Fully compact routing in low memory self-healing trees
2019-11-07T11:48:55Z (GMT) by
The paper (Compact Routing Messages in Self-Healing Trees, TCS 2017) introduced CompactFTZ, the first self-healing compact routing algorithm that works in a distributed network with each node using only O(logn) words (i.e. O(log2 n) bits) memory and thus O(logn) sized messages. The routing uses only O(1) and O(logn) words routing table and packet labels respectively on a self-healing tree that also works using onlyO(1) words repairing the network in face of a strong adversary deleting nodes. This deterministic algorithm sets up its data structures in a preprocessing phase and then updates the required data structures in only O(1) parallel time per healing round during execution of the algorithm.
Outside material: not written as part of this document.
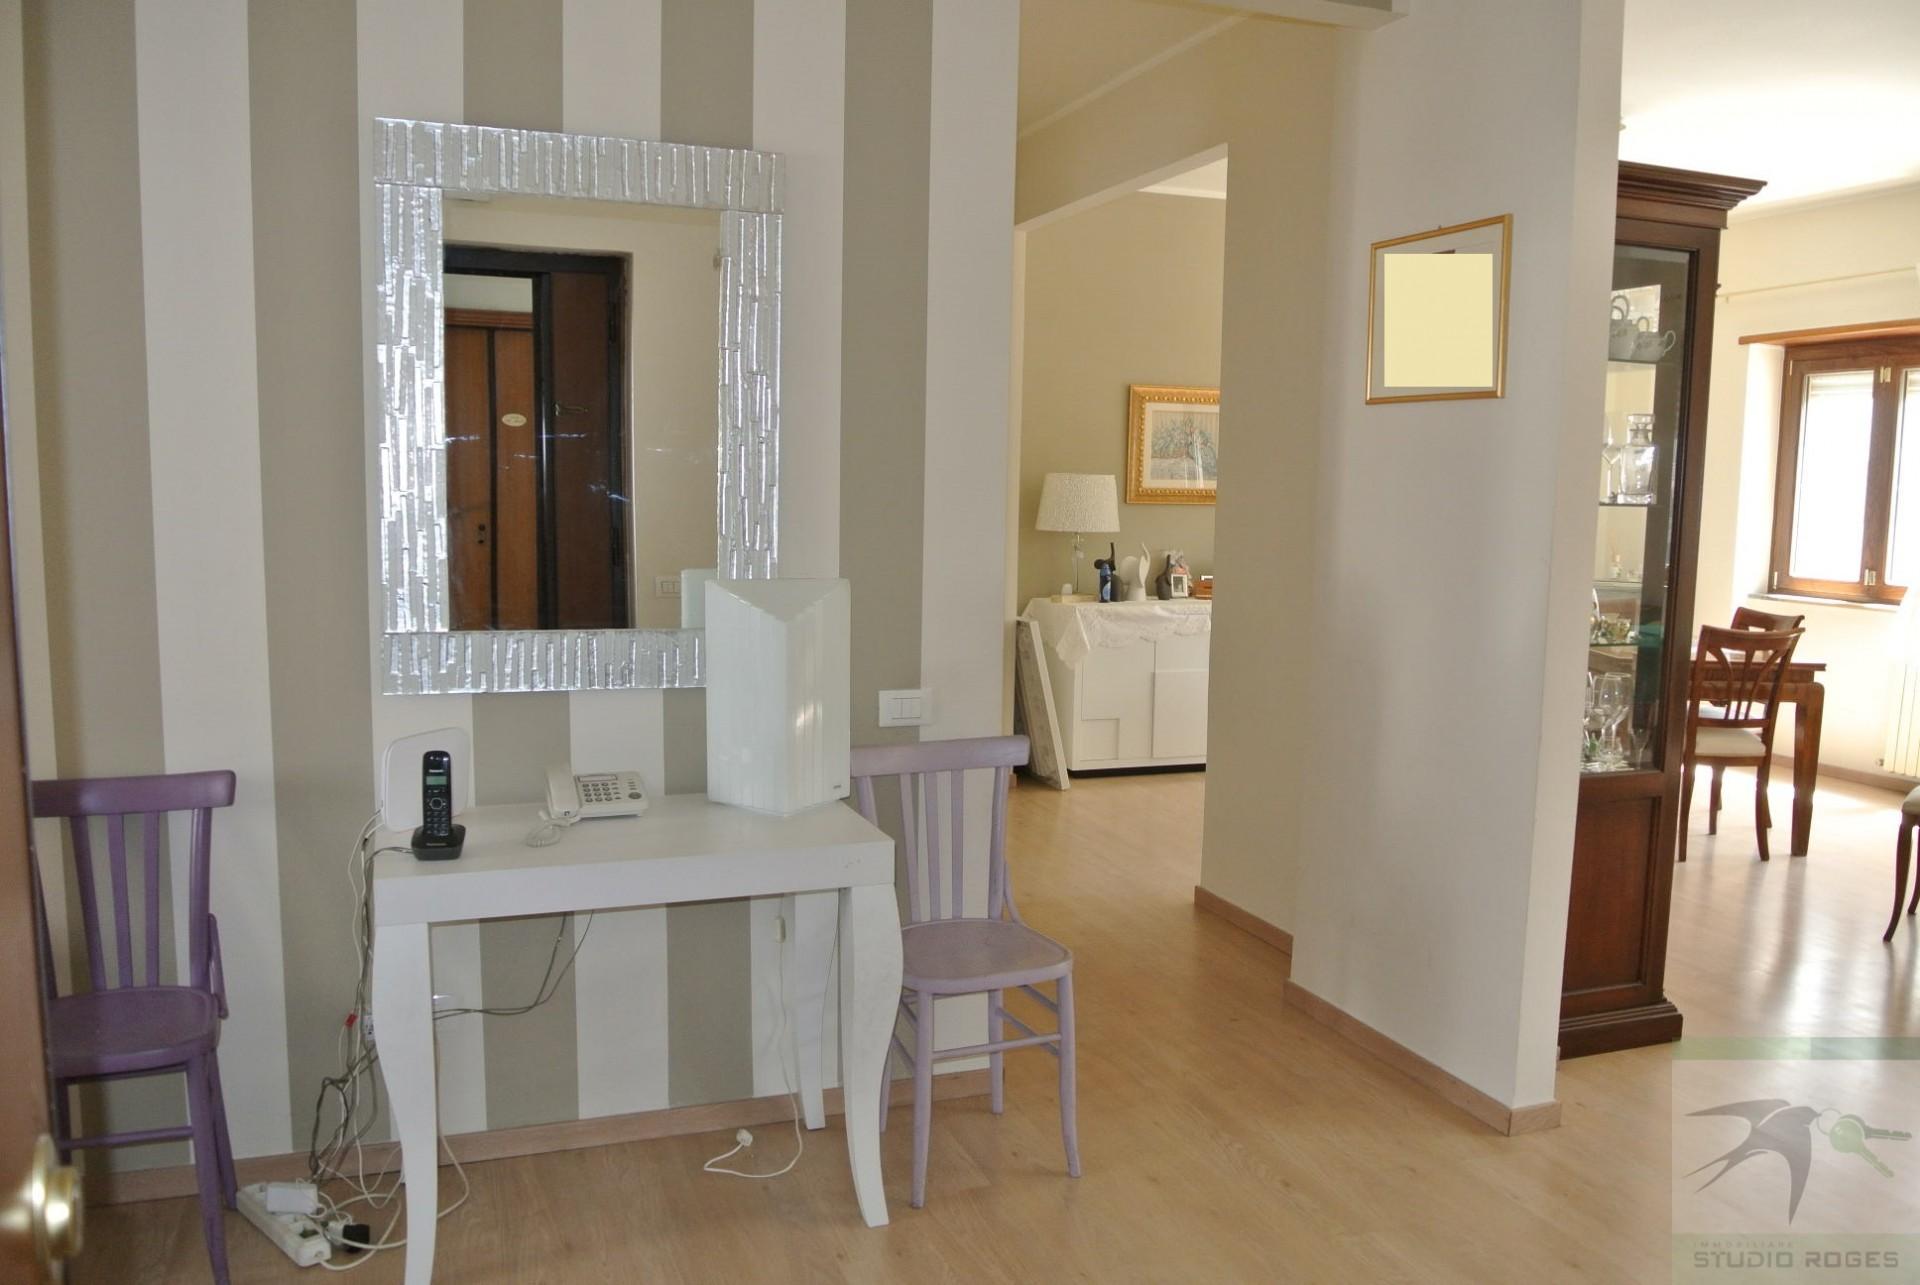 Appartamento in Vendita 139,23 mq - N. camere: 4 - - Rende - Roges-Commenda (CS)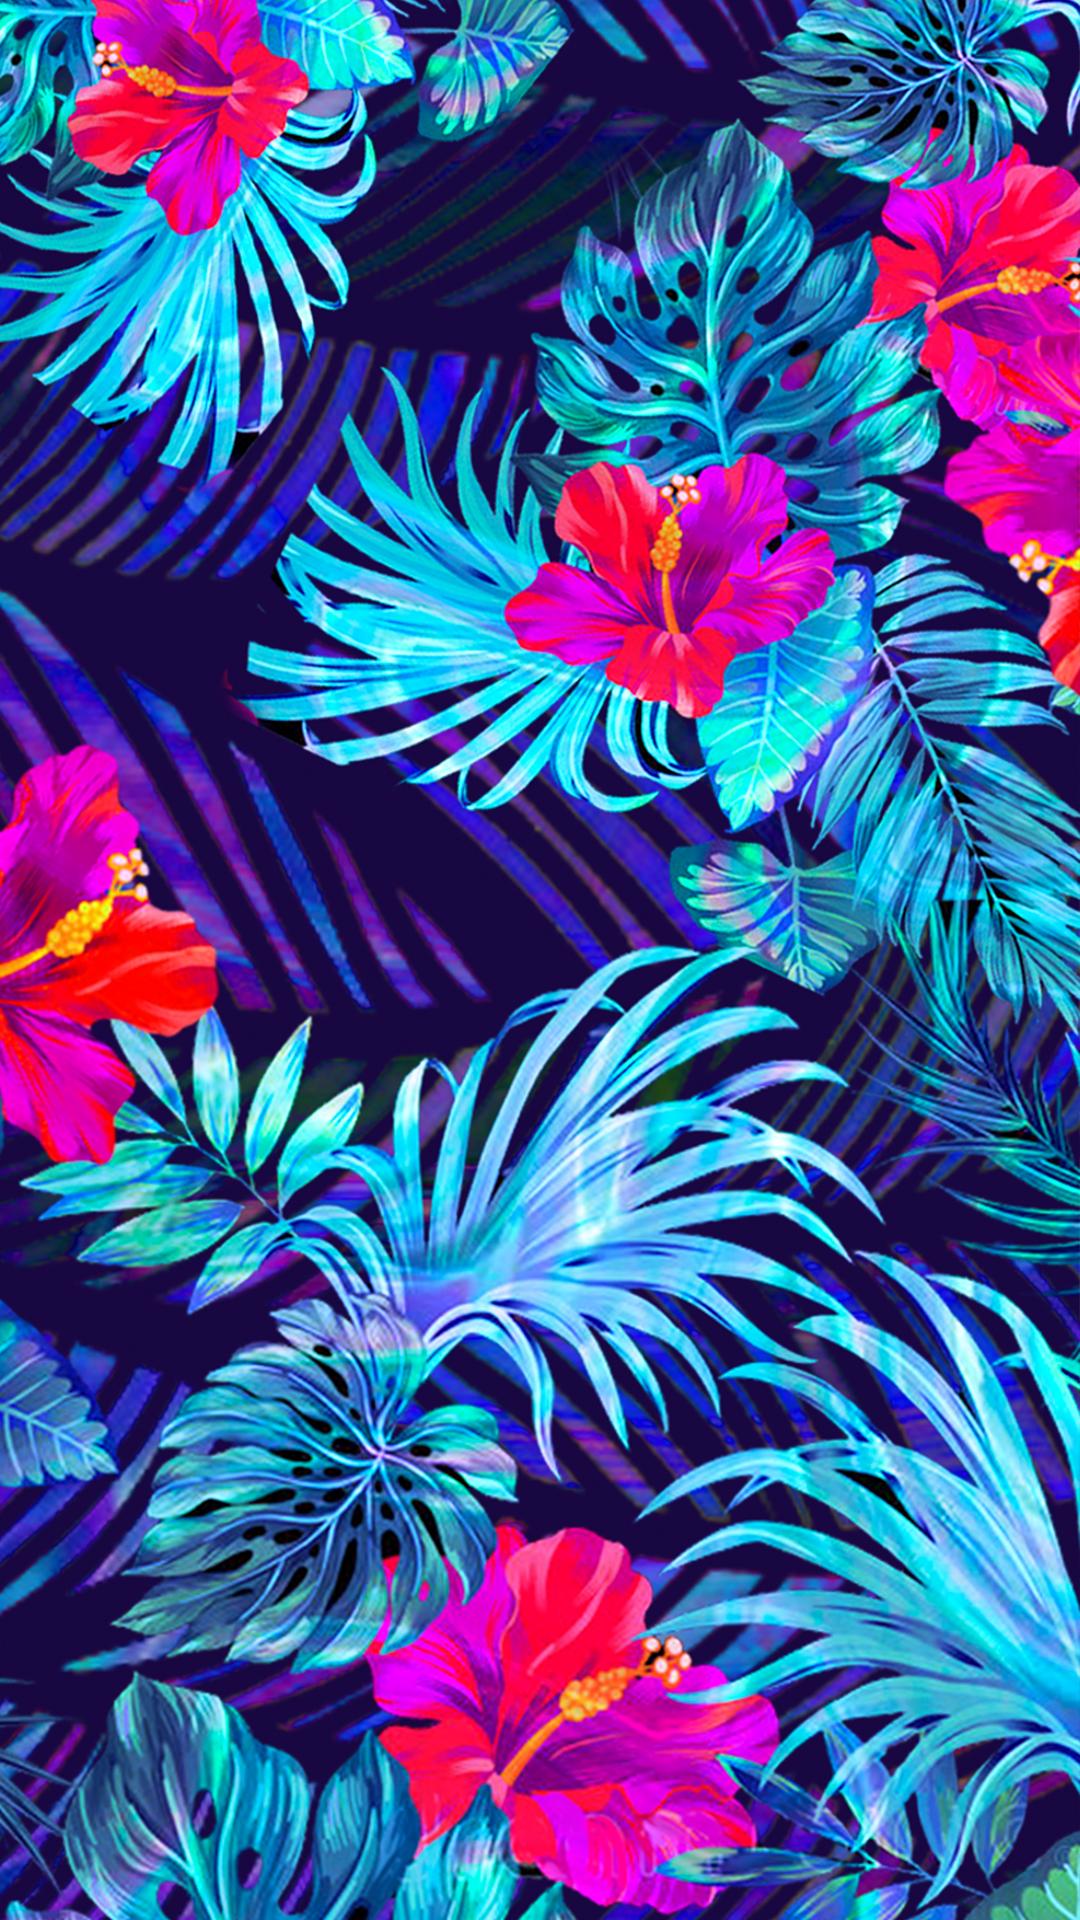 Capinha Para Celular Psicotropical Tumblr Wallpaper Papel

However, CompactFTZ has no constraints in its preprocessing phase which could be done in distributed large memory or even centrally. In this paper, we correct that by developing the algorithms for preprocessing of CompactFTZ in a fully distributed manner using only O(logn) words memory in optimal time. In fact, the preprocessing for the self-healing tree (ForgivingTree) component takes only O(1) memory. We develop a local function which each node invokes to instantly compute and then relay its repair instructions (known as its Will) in only O(1) time. We formalise the low memory CONGEST model setting used in previous low memory algorithms (e.g.); nodes’ working memory is restricted to be much smaller (in our case, O(logn)) than the numbers of their neighbours to whom they communicate through their I/O ports. We expand the model to allow for non-contiguous ports (e.g. empty ports or neighbours unmarked or lost in dynamic settings) and adversarial order of inputs from neighbours. Besides the Wills, we set up the tree structures and traversals for the routing scheme using only O(logn) memory and O(D) parallel time, where D is the diameter. Thus, we devise the first self-healing compact routing algorithm that can be fully set up and executed in low memory.